* EXERCISE INSTRUCTIONS: Exact transcription of the following records is needed, with every picture dropped.

================

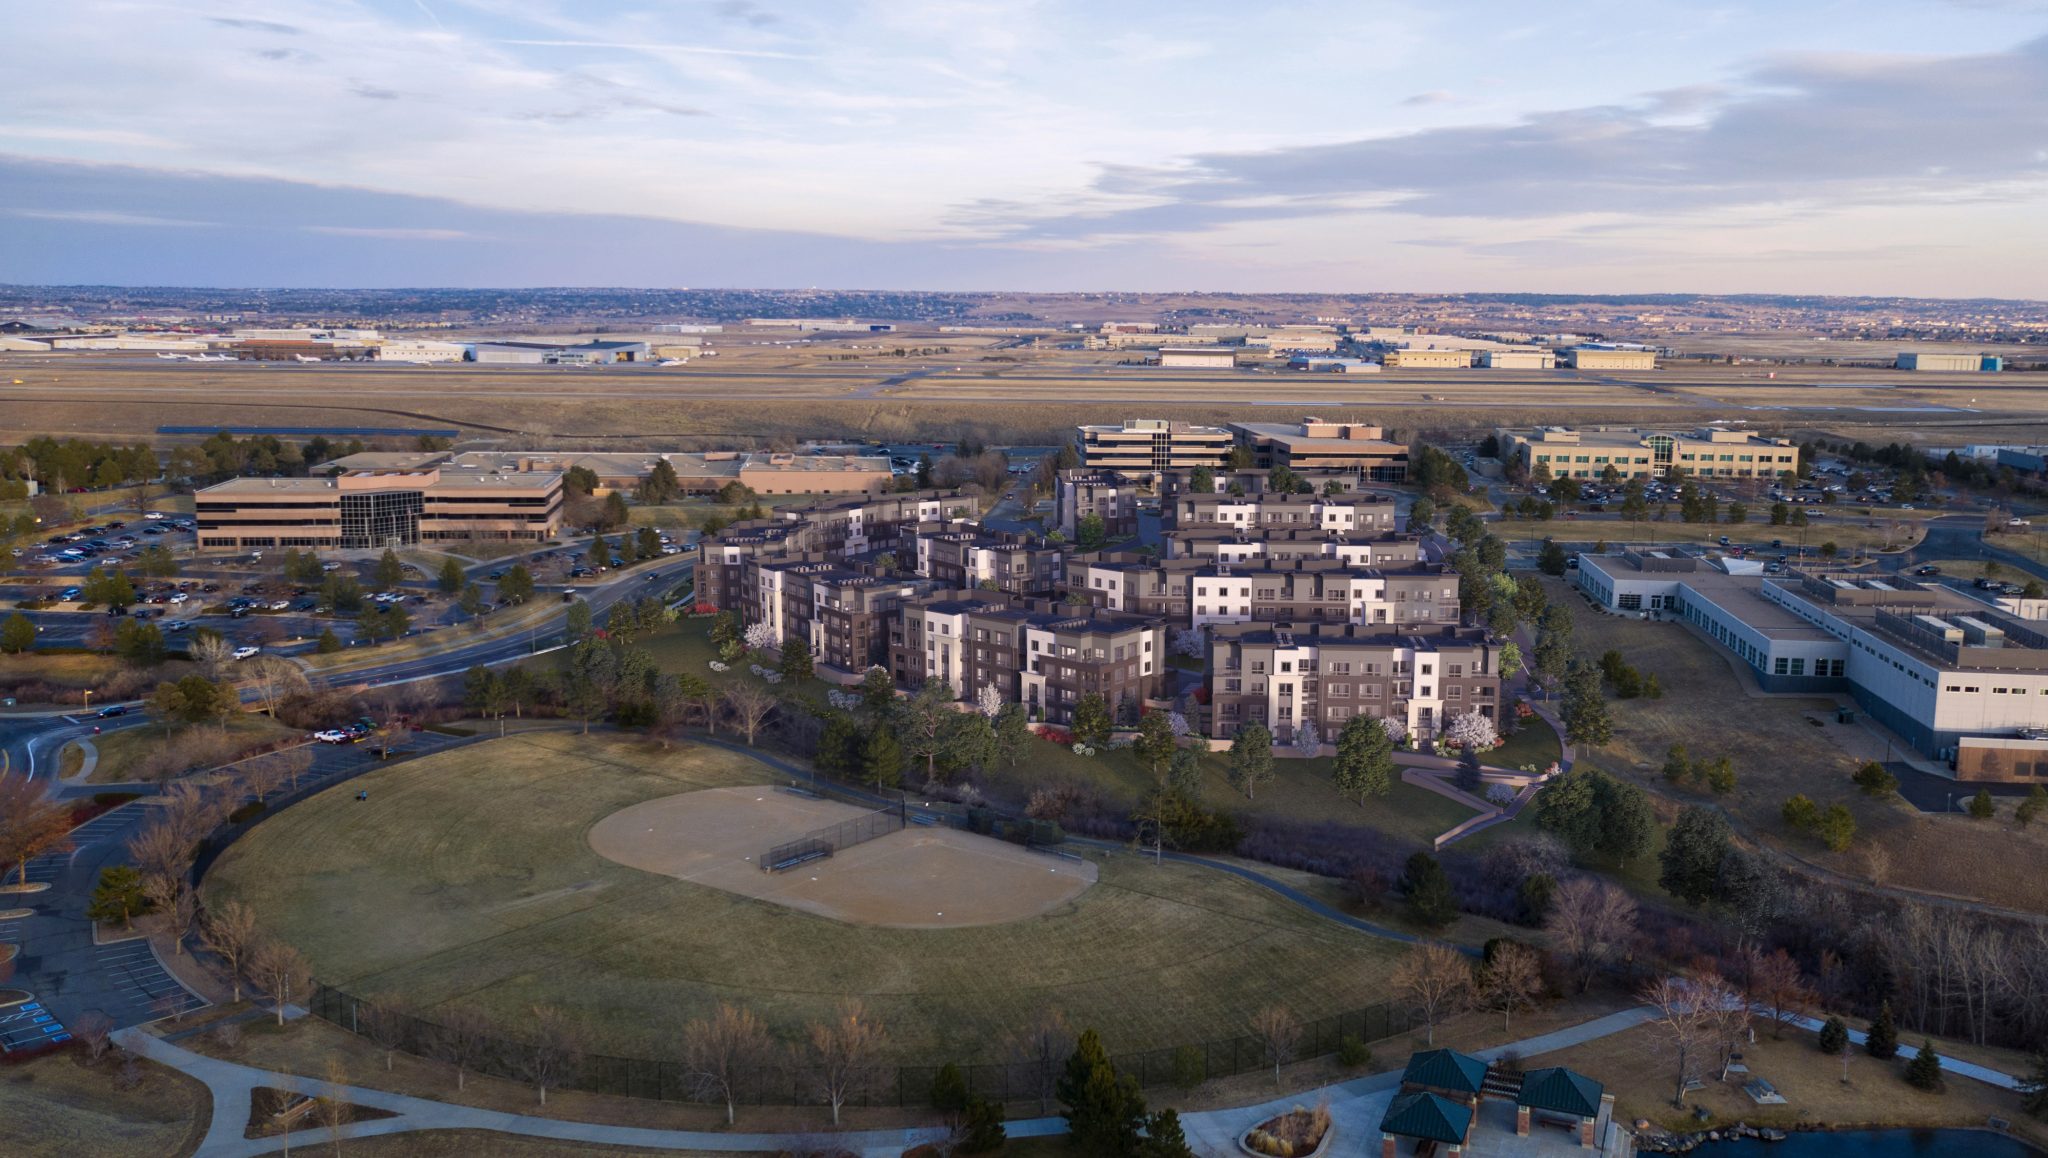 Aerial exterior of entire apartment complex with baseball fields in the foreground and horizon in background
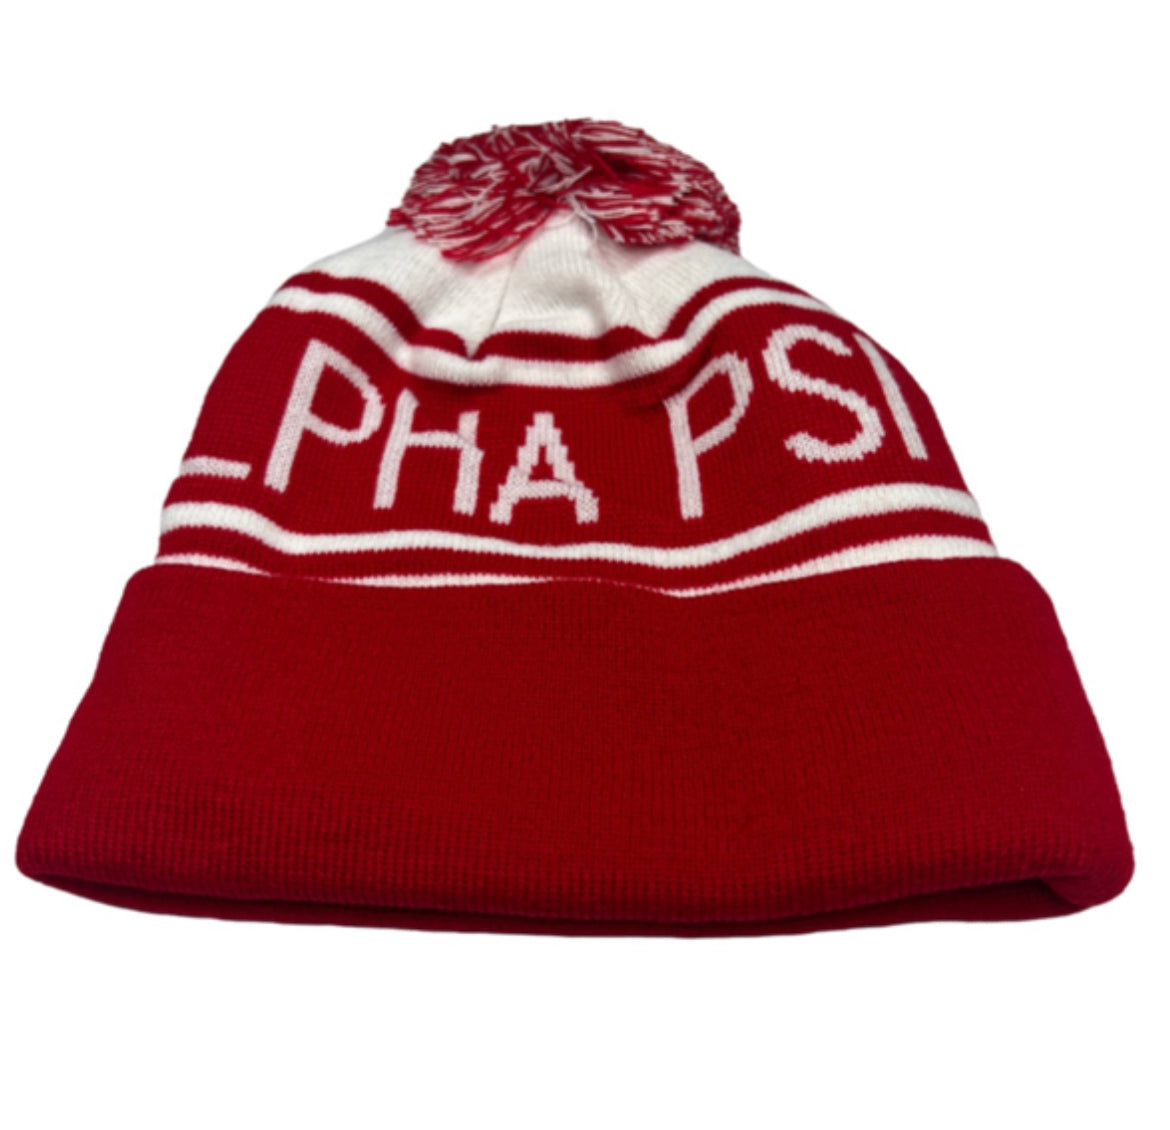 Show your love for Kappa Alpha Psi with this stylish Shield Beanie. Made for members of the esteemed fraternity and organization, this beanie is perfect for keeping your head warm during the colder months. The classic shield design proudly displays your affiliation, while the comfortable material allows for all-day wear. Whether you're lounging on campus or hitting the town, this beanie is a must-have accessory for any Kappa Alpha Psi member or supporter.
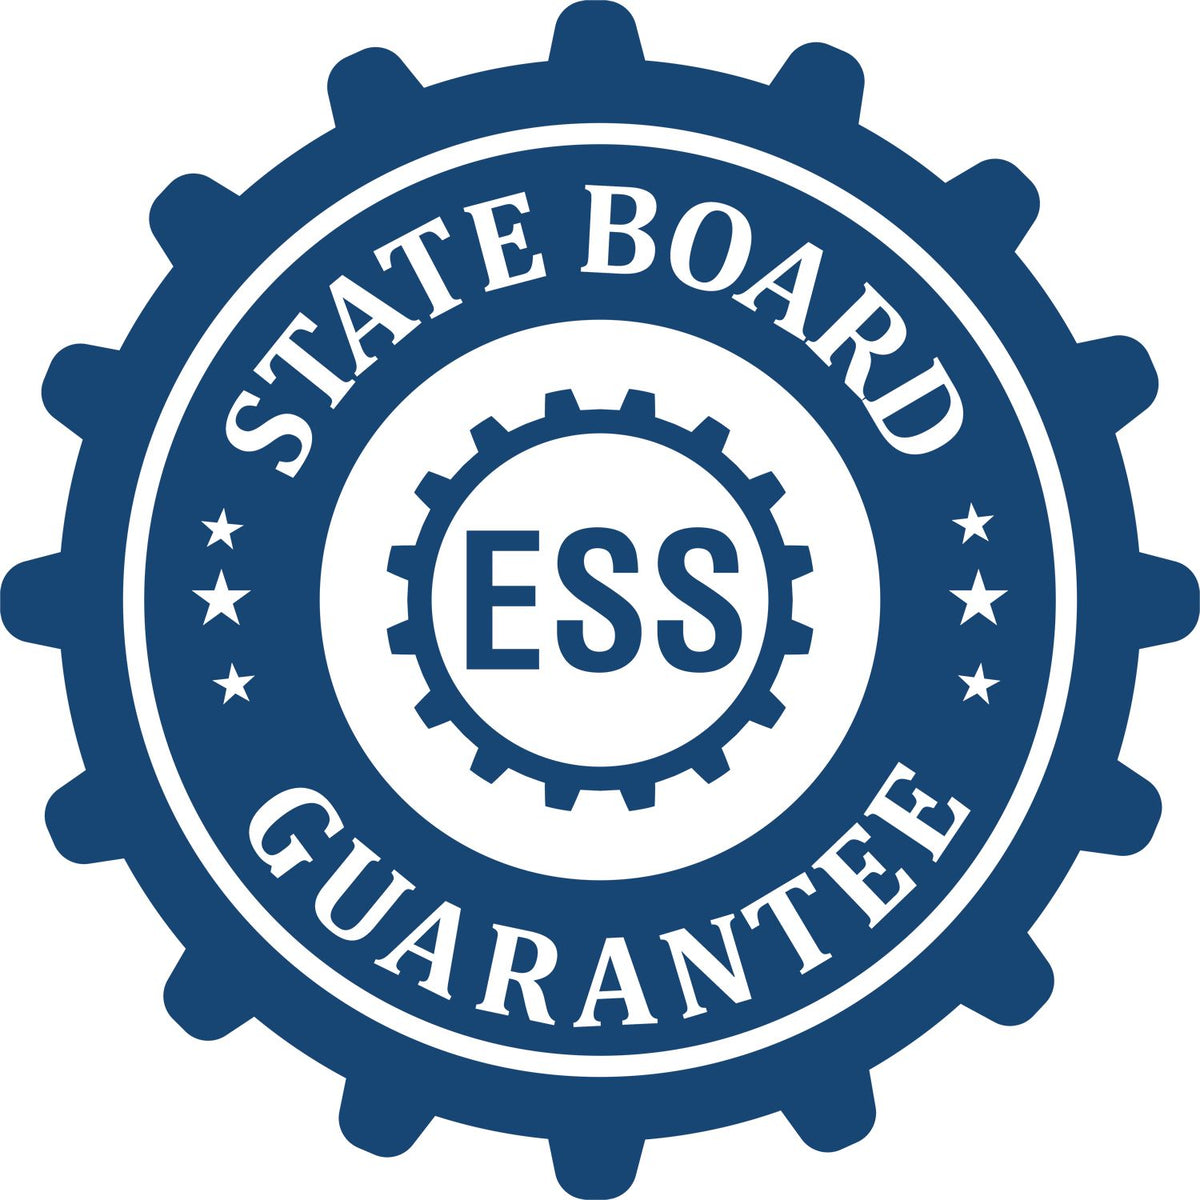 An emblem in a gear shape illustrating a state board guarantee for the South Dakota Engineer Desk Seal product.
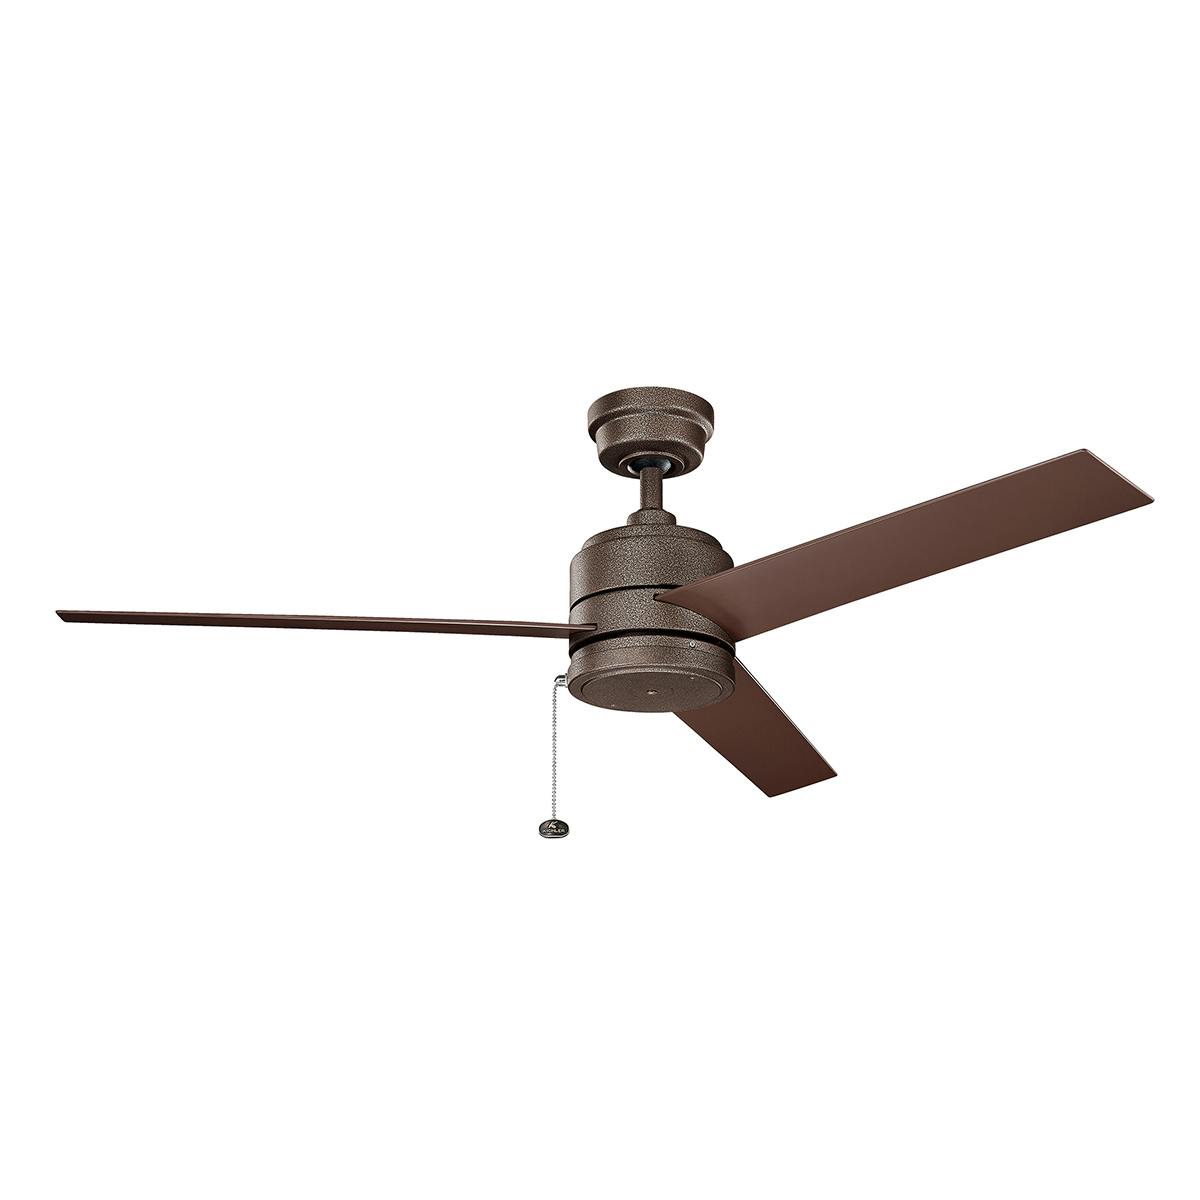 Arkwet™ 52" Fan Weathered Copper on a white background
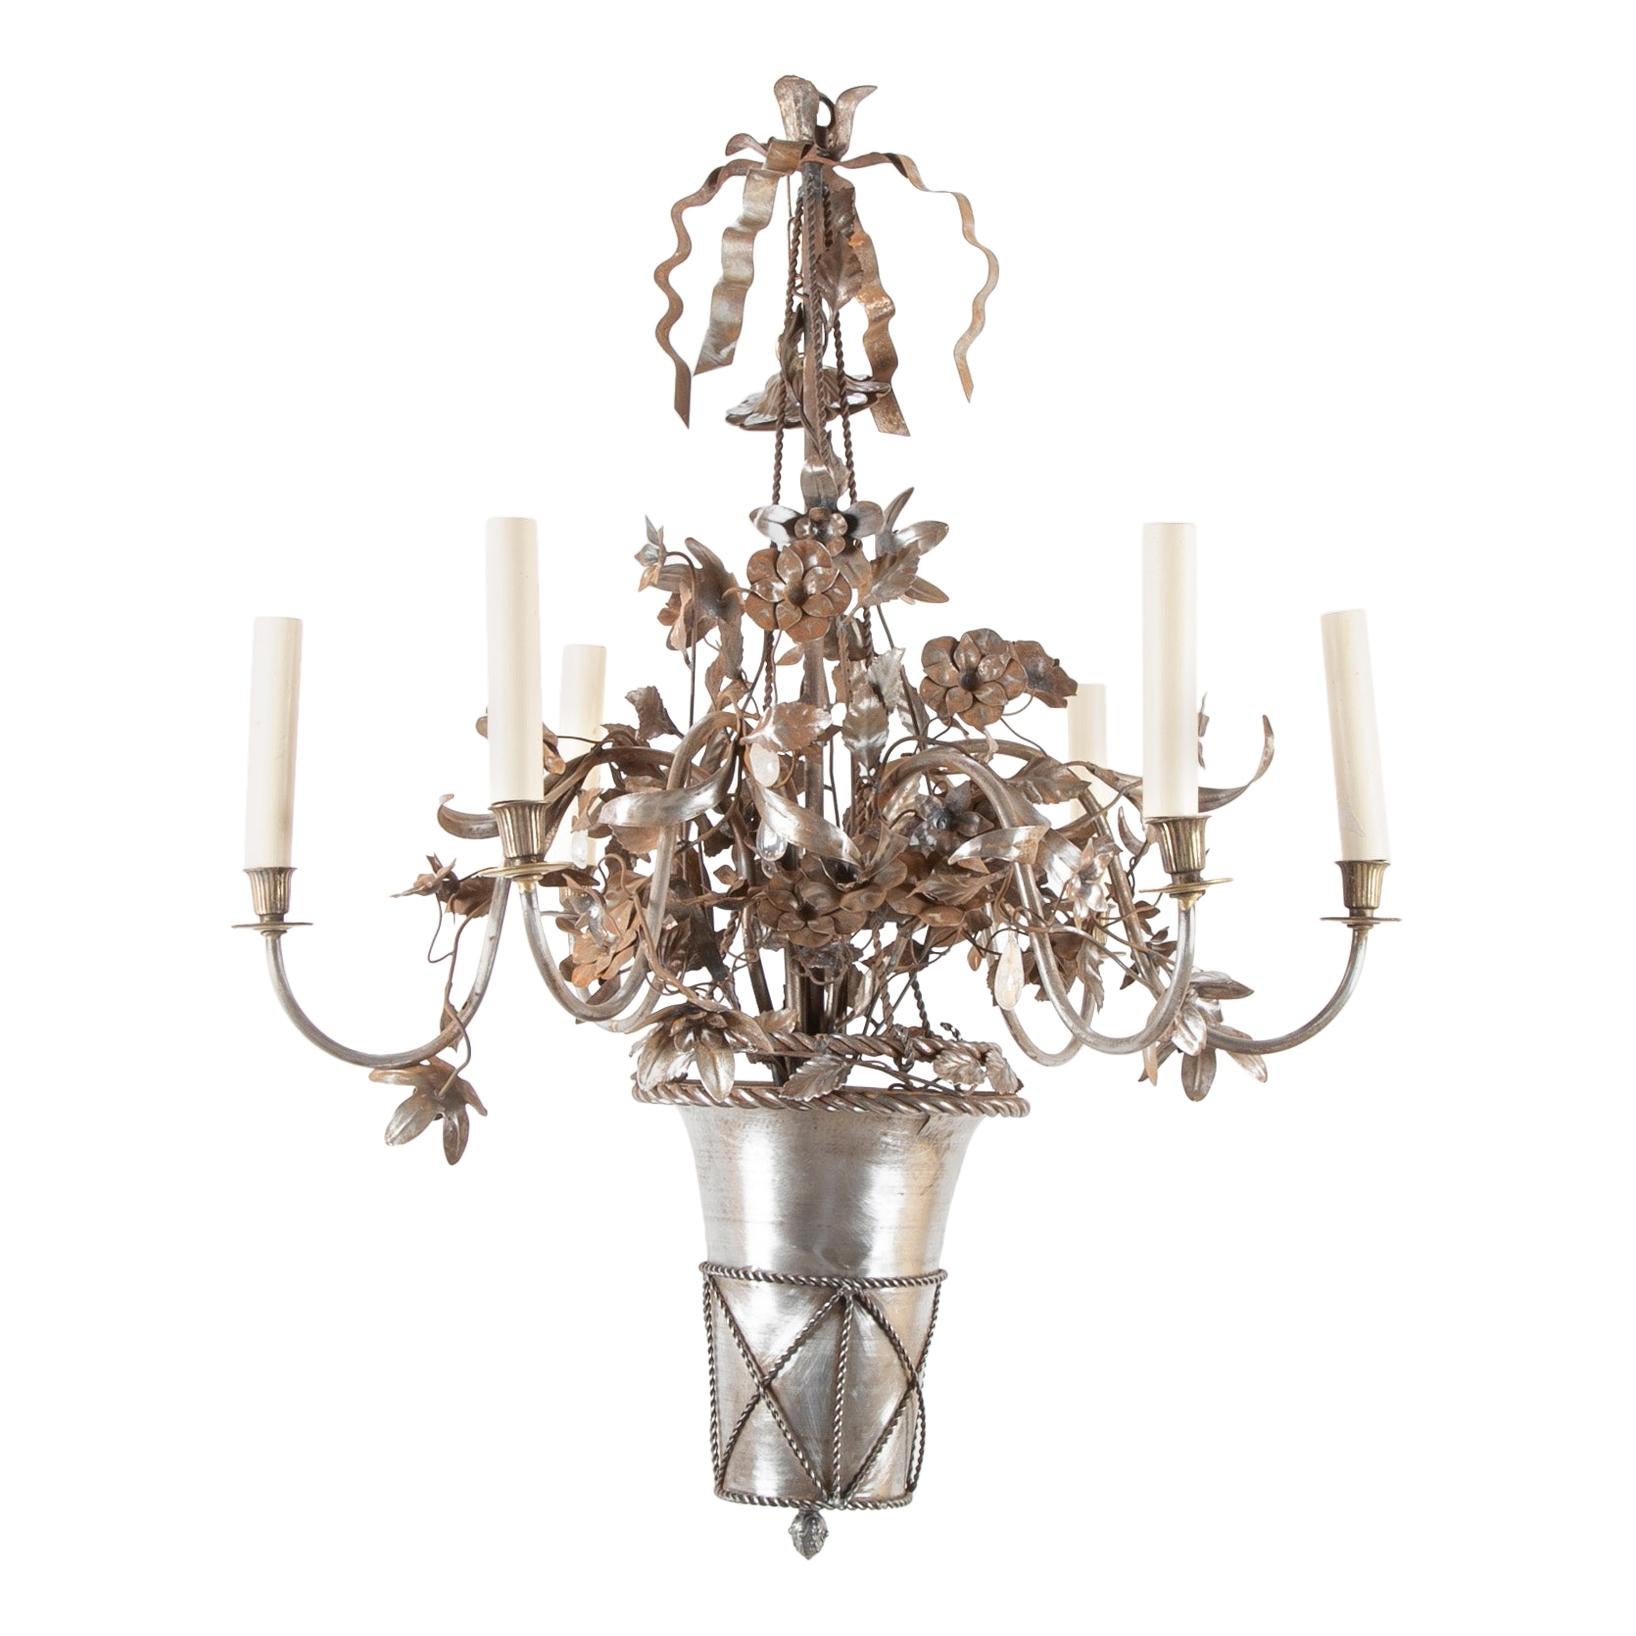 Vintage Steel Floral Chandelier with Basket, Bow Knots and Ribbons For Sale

================

* ANSWER SPACE:
 Aerial exterior of entire apartment complex with baseball fields in the foreground and horizon in background
 Show your love for Kappa Alpha Psi with this stylish Shield Beanie. Made for members of the esteemed fraternity and organization, this beanie is perfect for keeping your head warm during the colder months. The classic shield design proudly displays your affiliation, while the comfortable material allows for all-day wear. Whether you're lounging on campus or hitting the town, this beanie is a must-have accessory for any Kappa Alpha Psi member or supporter.
 An emblem in a gear shape illustrating a state board guarantee for the South Dakota Engineer Desk Seal product.
 Arkwet™ 52" Fan Weathered Copper on a white background
 Vintage Steel Floral Chandelier with Basket, Bow Knots and Ribbons For Sale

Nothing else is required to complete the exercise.